Category Archives: restaurant

What your khao mun gai place says about you

Have you ever read those stories promising to tell you all you need to know about yourself, based on something completely random, like, what’s in your left pocket at that particular moment, or what ice cream you had last week? I certainly do! Aren’t the findings always totally arbitrary, and frequently infuriating? Yay, random generalizations!

So let’s pass judgment, even though we know absolutely nothing about each other! Where do you like to eat your Hainanese chicken rice?

Montien Hotel Ruenton Coffee Shop (54 Surawongse Rd.)

You like tradition, and stability, and saying you know more than anyone else. You like big portions, and creature comforts, and stuffing your face. You are kind of boring and your friends are only pretending to listen to what you say. You also really like good chicken rice. For the record, this is my favoritest chicken rice, EVAH, still, after all these years. I like this chicken rice almost as much as I, like, commas.

What makes it isn’t really the big tranche of plump, tender chicken meat (dark meat or breast), topped (or not) with a sliver of skin, nestled next to two slices of congealed chicken blood and resting atop sliced tomato and cucumbers.
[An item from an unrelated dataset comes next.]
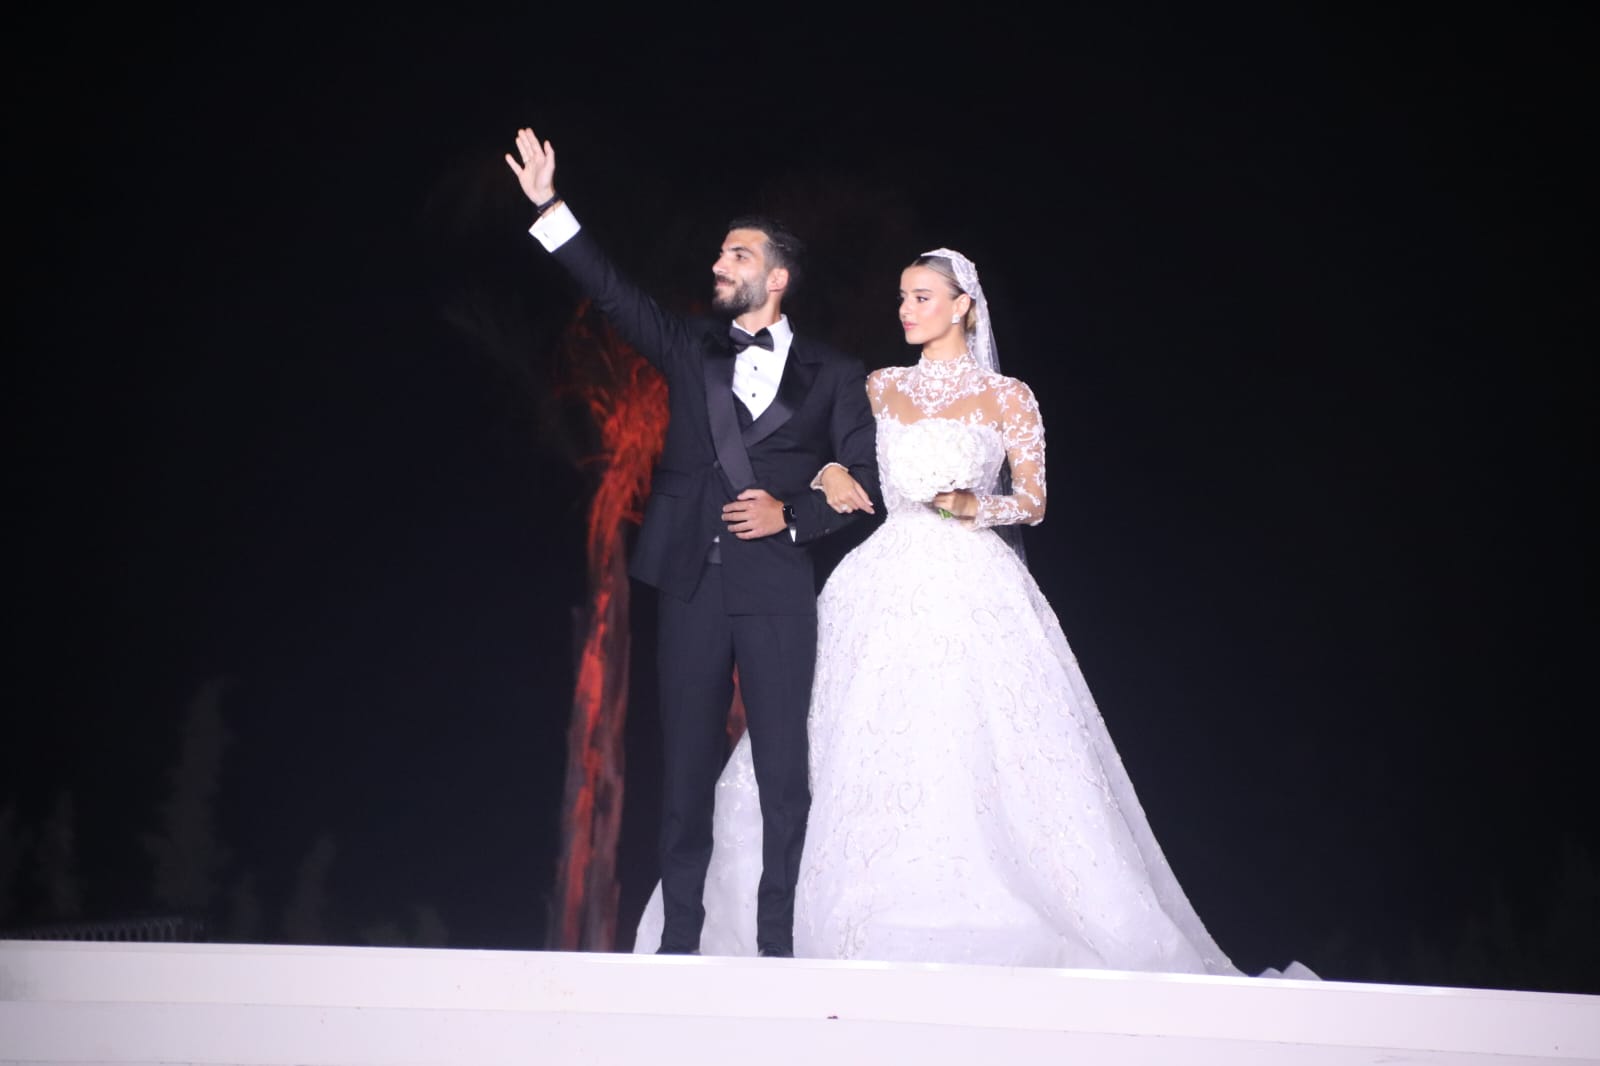 بالصور: حفل زفاف أحمد مرعي أبو مرعي ولين غسان عبد الجواد في "أبو مرعي هيلز"

It’s not even really the rice, glistening with chicken fat. It’s the sauce. People who really like sauce will LOVE this dish, which comes with not one, not two, but FOUR sauces: sweet thick, slivered ginger, brown bean/garlic, and soy sauce/chili. Yum!

Khao Mun Gai Gwon Oo (at Thalad Gow, Yaowaraj)

You are straightforward and like simplicity and honesty. You dislike and mistrust frou-frou, complications and anything overly ornate. This means you are a little bit like a hobbit, or other magical little creature that people idealize without actually envying.

I like the chicken rice here because it is about pure chicken flavor. The boiled chicken is presented simply, shredded and without skin, on top of rice carefully cooked in chicken stock and set off by slivered cucumbers for texture. The sauce and soup are almost like afterthoughts. This dish is about substance, not bells and whistles. It’s almost … wholesome (for a dish where chicken fat plays a starring role).

Gai Tawn Pratunam  (Petchburi Soi 30)

You like nostalgia, reminiscing over your plate of food with dusk threatening, headlights sliding past you as you contemplate next week’s work project. You are social and trusting and tend to believe the best in people. Also, you are sort of old.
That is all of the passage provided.